Look below for the line with "Responsabili: G. Sartorelli, M." and the line with "Barclays Nike Football". Copy exactly those two lines and every line between, but not the pictures.

*** Given data ***

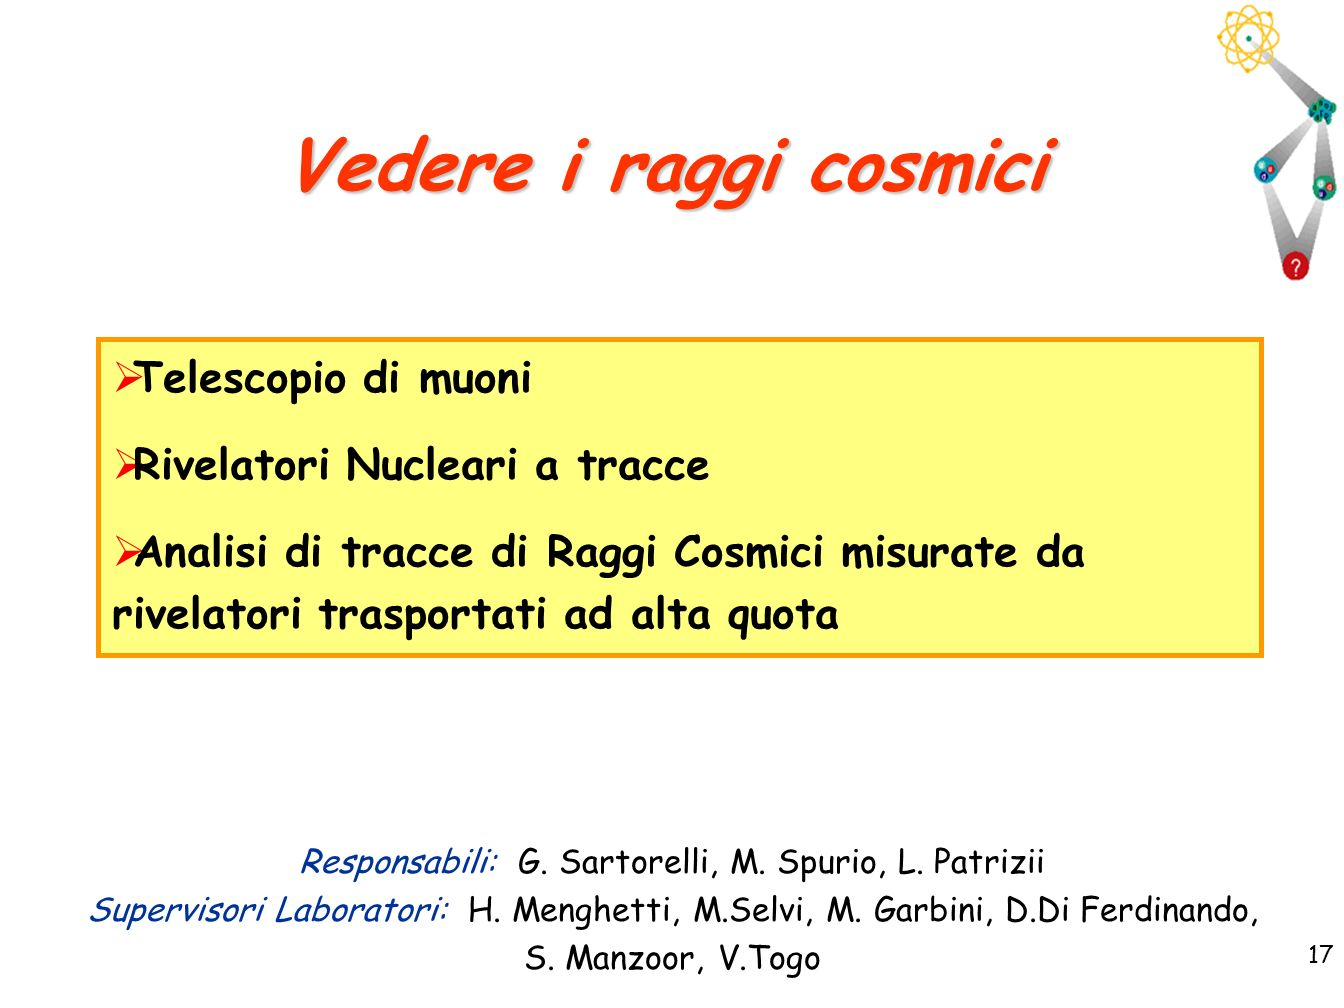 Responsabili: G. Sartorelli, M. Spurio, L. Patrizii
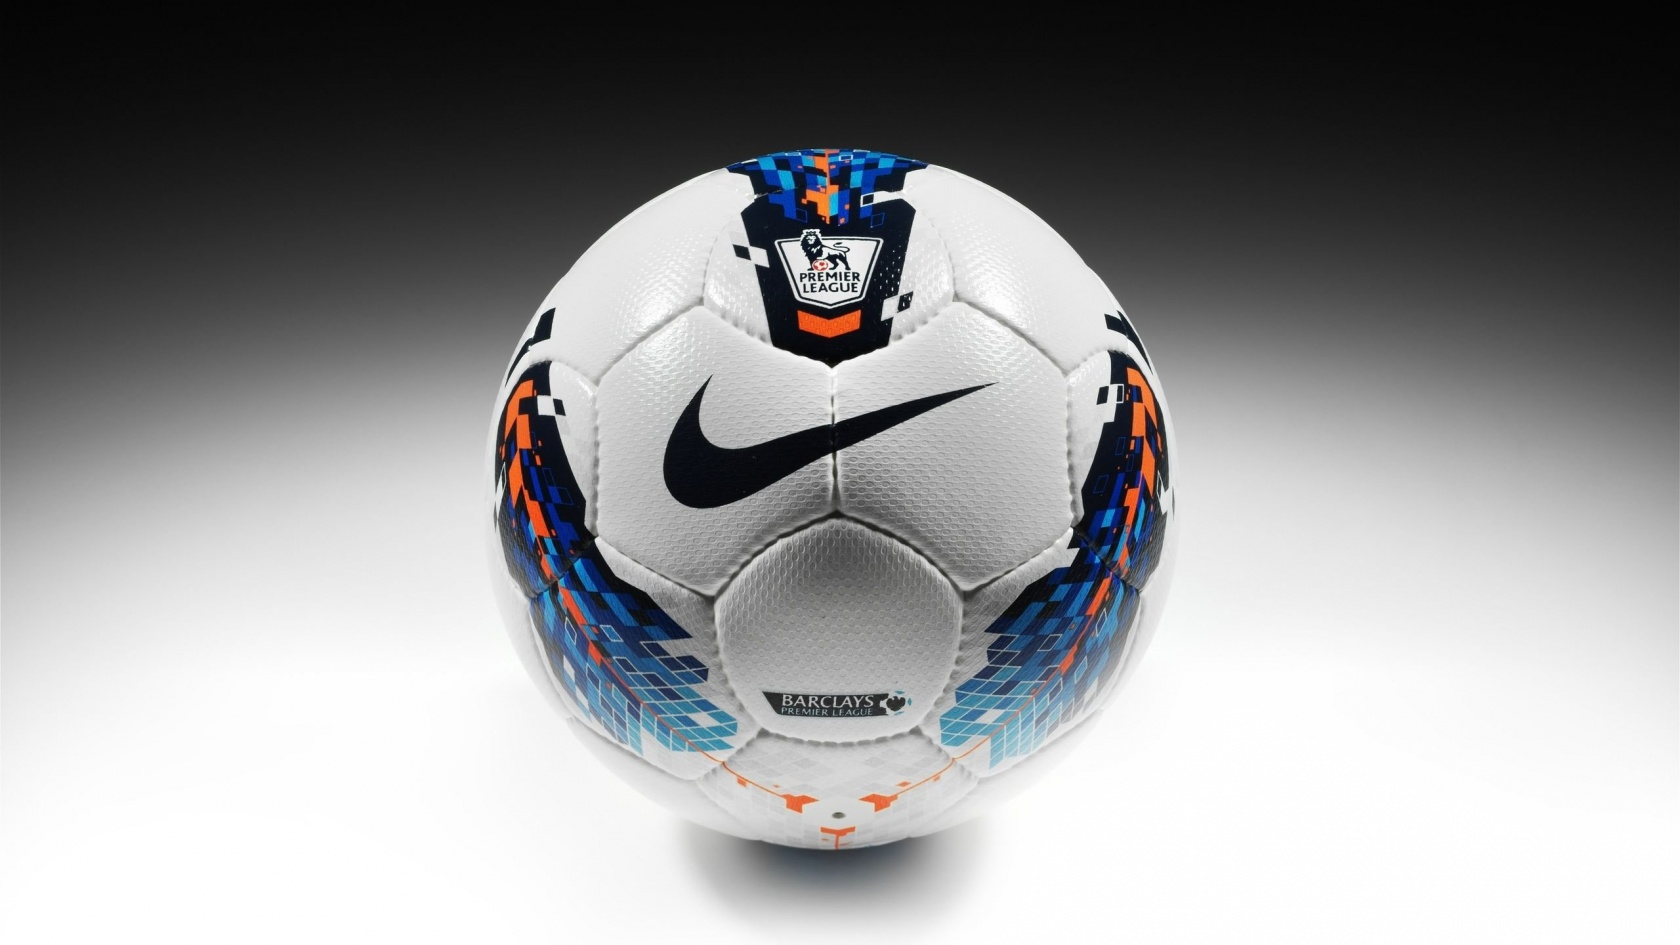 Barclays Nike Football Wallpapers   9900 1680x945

***
*** Given data ***

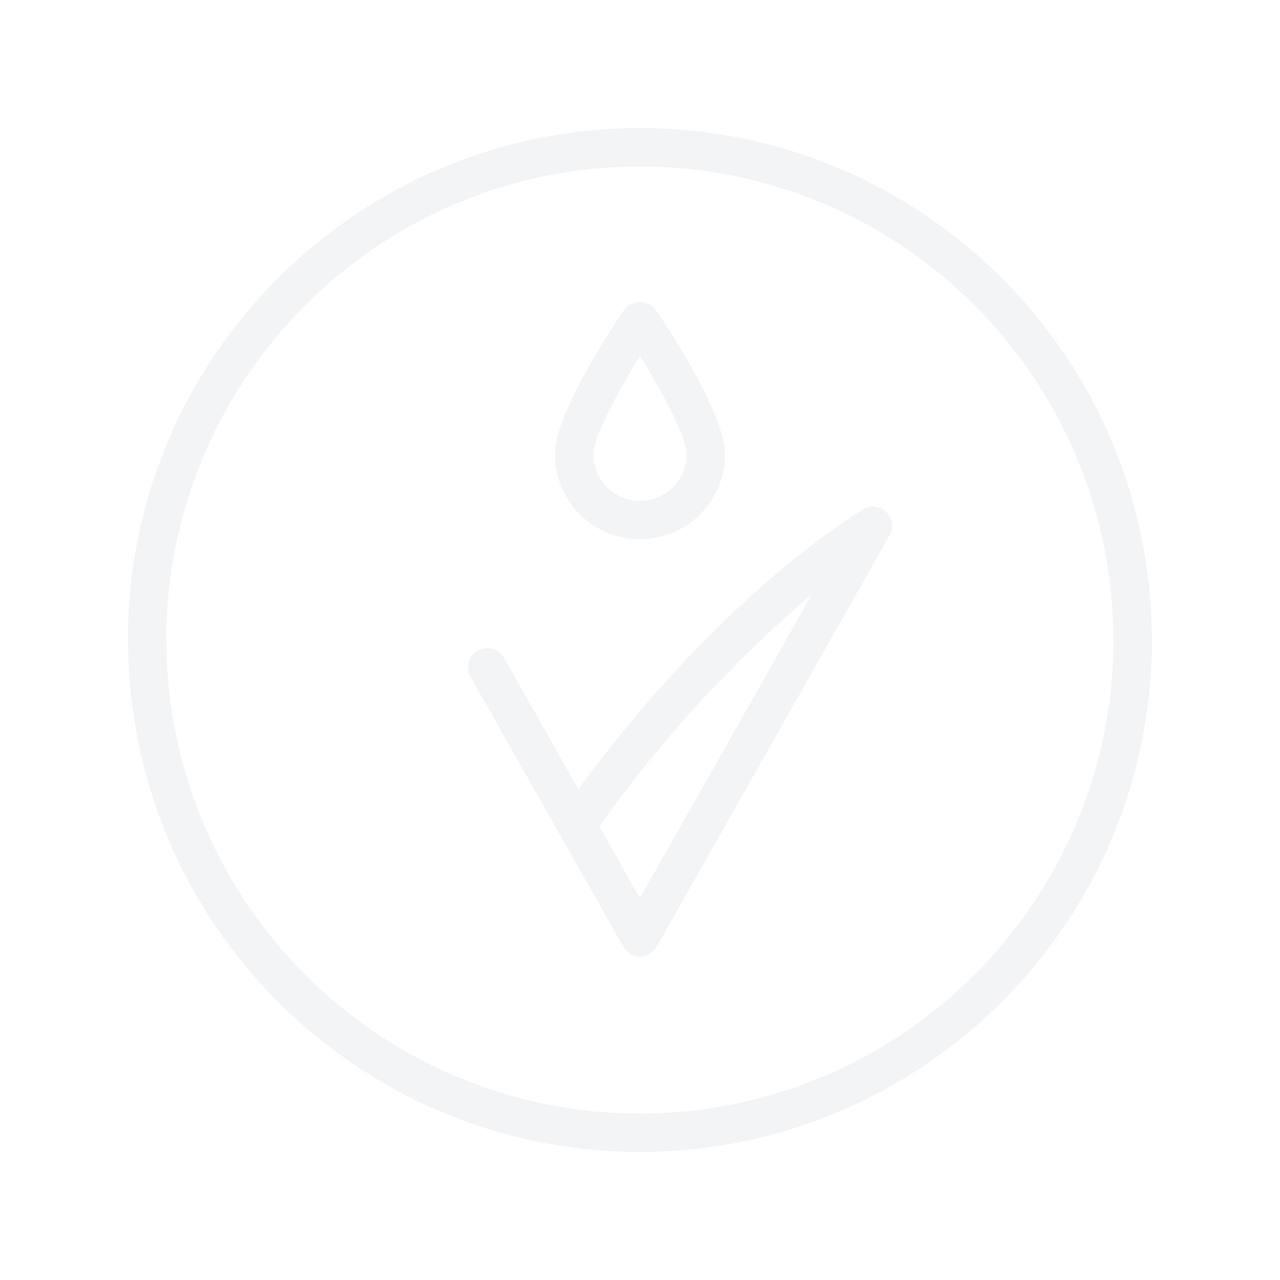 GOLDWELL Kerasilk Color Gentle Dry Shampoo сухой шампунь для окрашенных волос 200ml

***

* _Task output_
 Responsabili: G. Sartorelli, M. Spurio, L. Patrizii
 Barclays Nike Football Wallpapers   9900 1680x945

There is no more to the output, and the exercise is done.